Comparison of learning models to predict LDPE, PET, and ABS concentrations in beach sediment based on spectral reflectance
Researchers compared machine learning models to predict concentrations of LDPE, PET, and ABS microplastics in beach sediments using visible-near-infrared spectral reflectance, demonstrating that spectroscopic methods can efficiently estimate microplastic pollution in understudied terrestrial and coastal environments.
Online in situ detection of atmospheric microplastics based on laser-induced breakdown spectroscopy
Researchers developed a laser-based detection system combined with machine learning that can identify and classify different types of microplastics in the air in real time. The system achieved high accuracy in distinguishing between common plastic types like polyethylene, polystyrene, and PVC. Better tools for monitoring airborne microplastics are important because people inhale these particles daily, and understanding what types are present in the air is the first step toward assessing respiratory health risks.

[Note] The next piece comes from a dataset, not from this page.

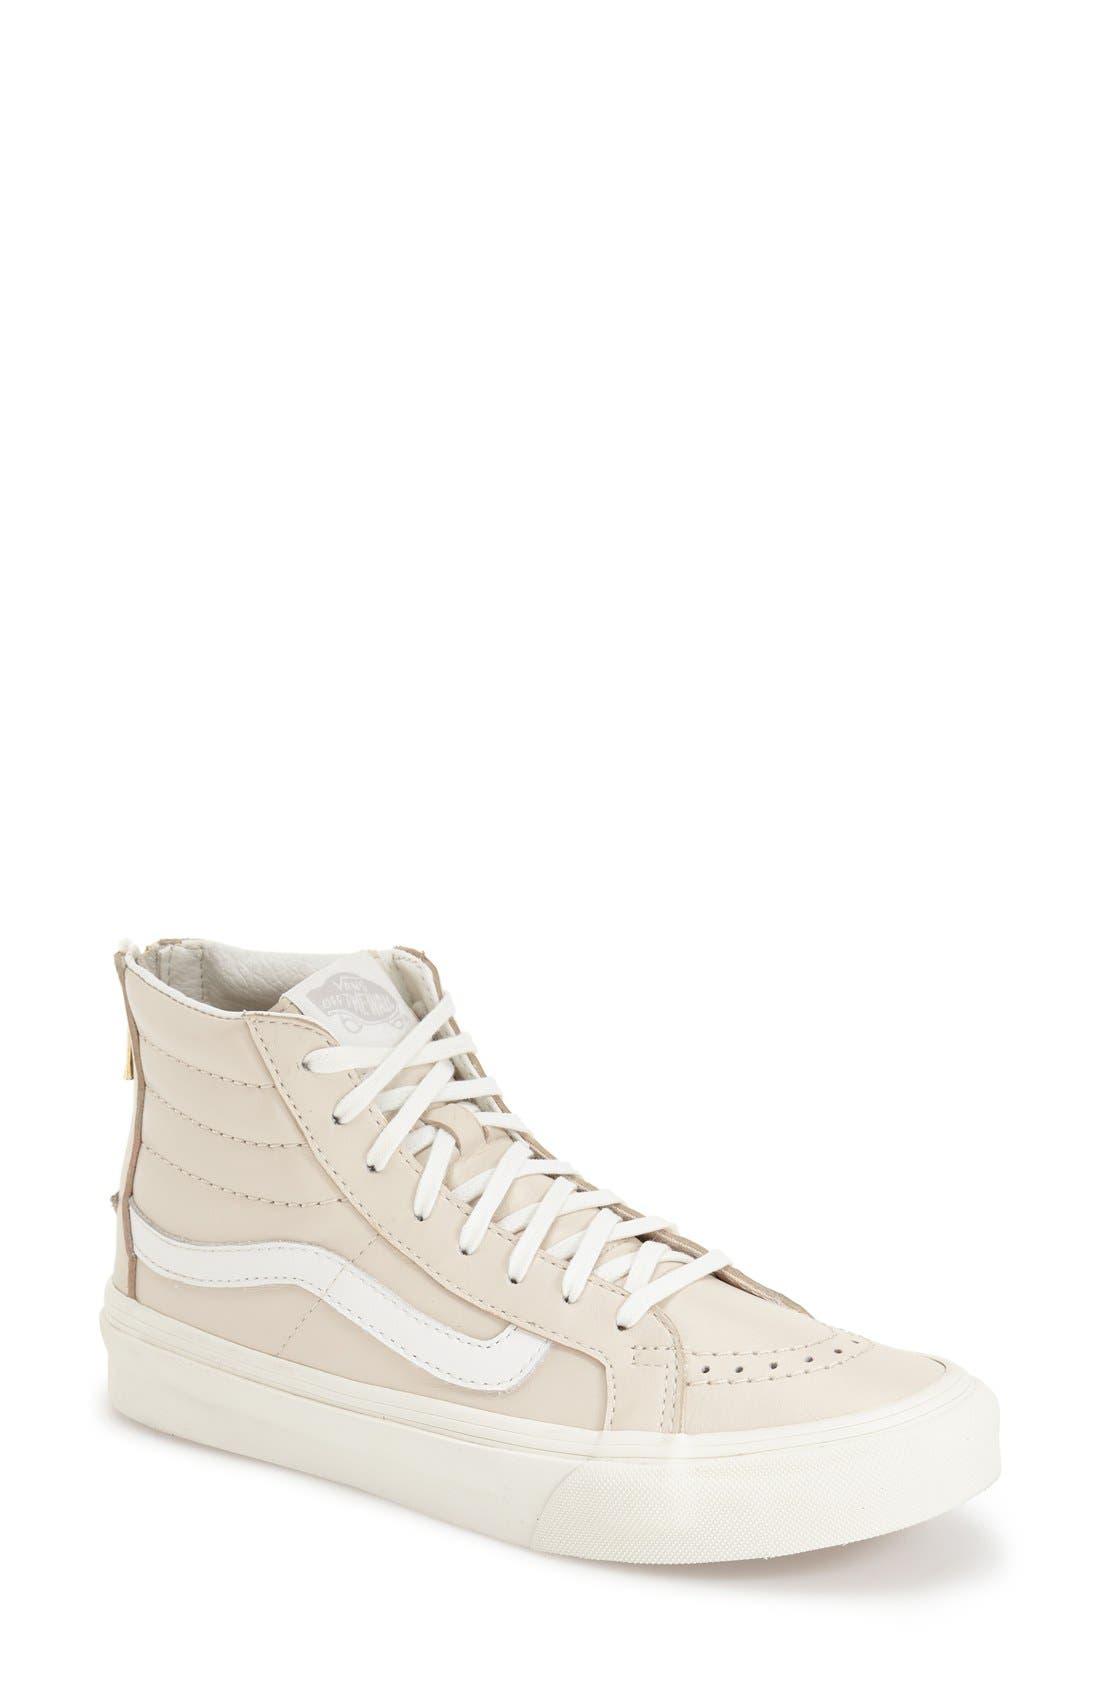 Alternate Image 1 Selected - Vans 'Sk8-Hi Slim' High Top Sneaker (Women)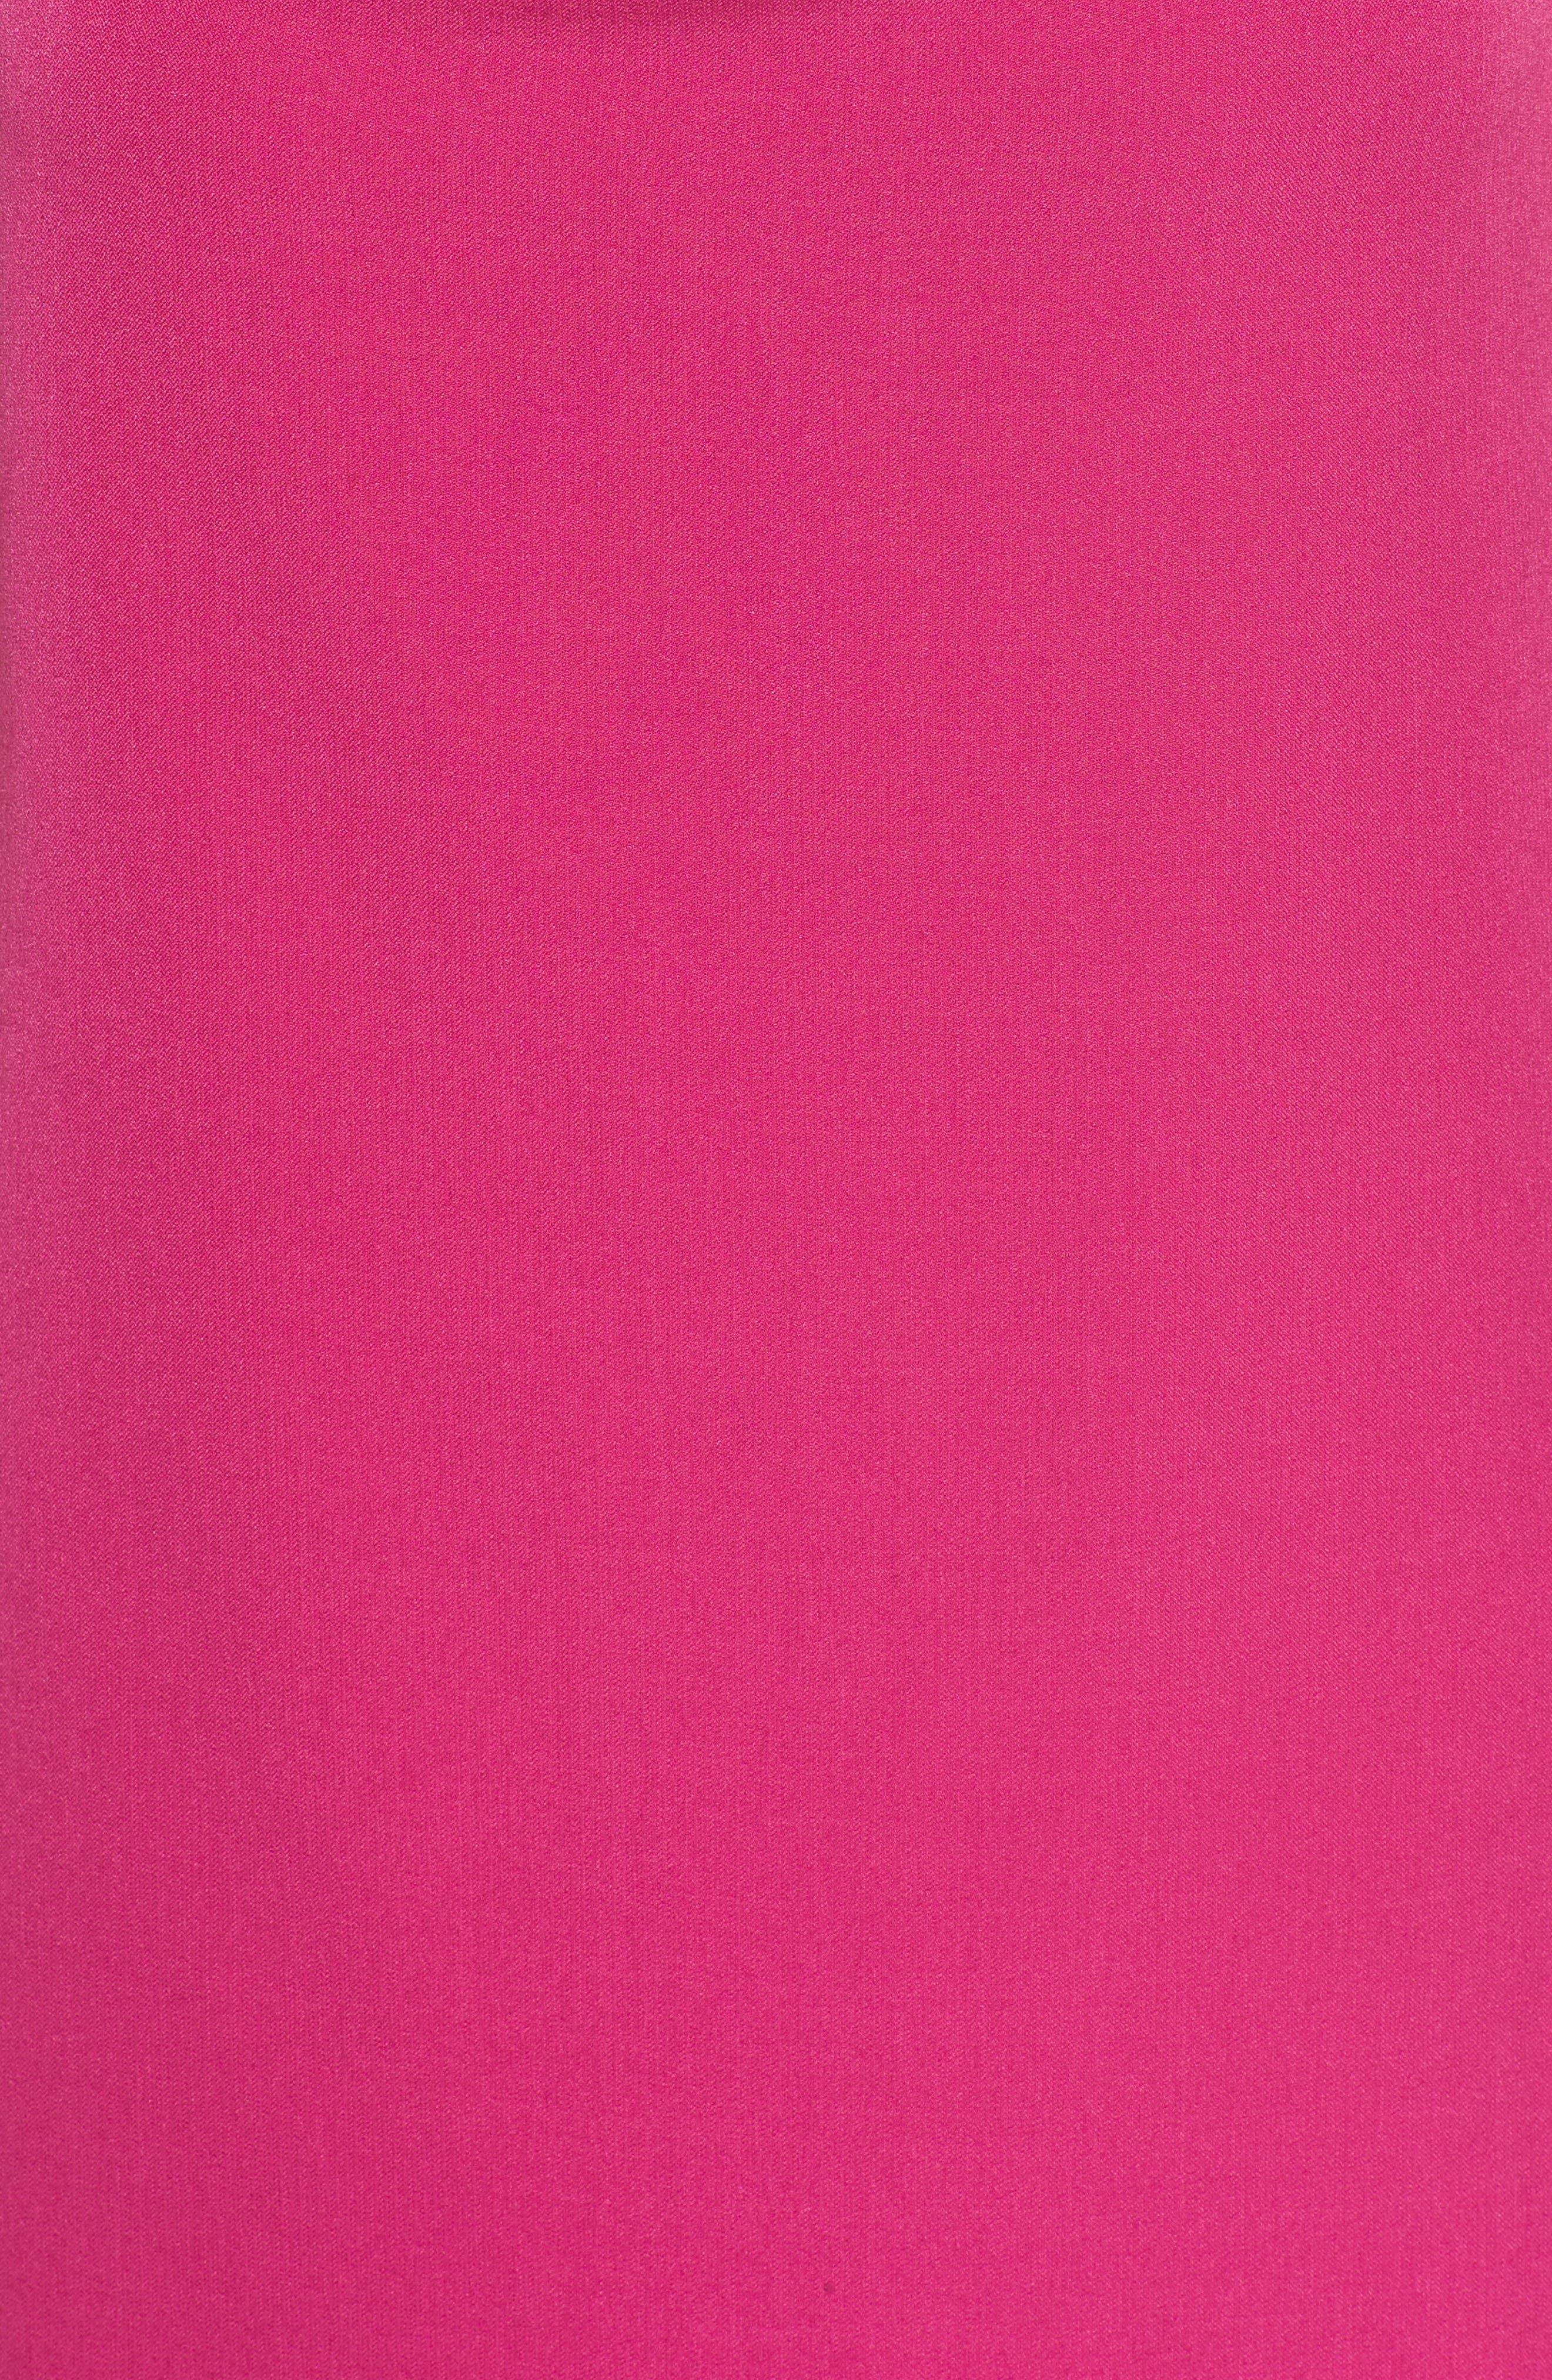 Cowl Neck Sheath Dress,                             Alternate thumbnail 10, color,

Spatial distribution of microplastics in the tropical Indian Ocean based on laser direct infrared imaging and microwave-assisted matrix digestion
Researchers characterized microplastic distribution across the tropical Indian Ocean using a new quantum cascade laser imaging method, finding an average concentration of 50 particles per cubic meter at depths of 6 meters. The new analytical approach analyzed up to 1,000 particles per hour with over 97% identification accuracy, enabling faster and more reliable monitoring.
Harnessing Machine Learning and Deep Learning Approaches for Laser‐Induced Breakdown Spectroscopy Data Analysis: A Comprehensive Review
Machine learning and deep learning approaches were reviewed for their applications in detecting, classifying, and quantifying microplastics in environmental and biological samples. The review highlights how AI is transforming the speed and scale of microplastic analysis, enabling large-scale monitoring programs.
Fast identification of microplastics in complex environmental samples by a thermal degradation method
Researchers developed a fast identification method for microplastics in complex environmental samples using thermal analysis, offering a high-throughput alternative to spectroscopic techniques for polymer identification.
An investigation on the applications of advanced Infrared Spectroscopy, Spectral Imaging and Machine Learning for Polymer Characterization, including microplastics
This study integrated advanced infrared spectroscopy, spectral imaging, chemometrics, and machine learning to identify and characterize microplastics and polymer degradation products. The combination of techniques improved both the accuracy and throughput of MP analysis compared to conventional methods.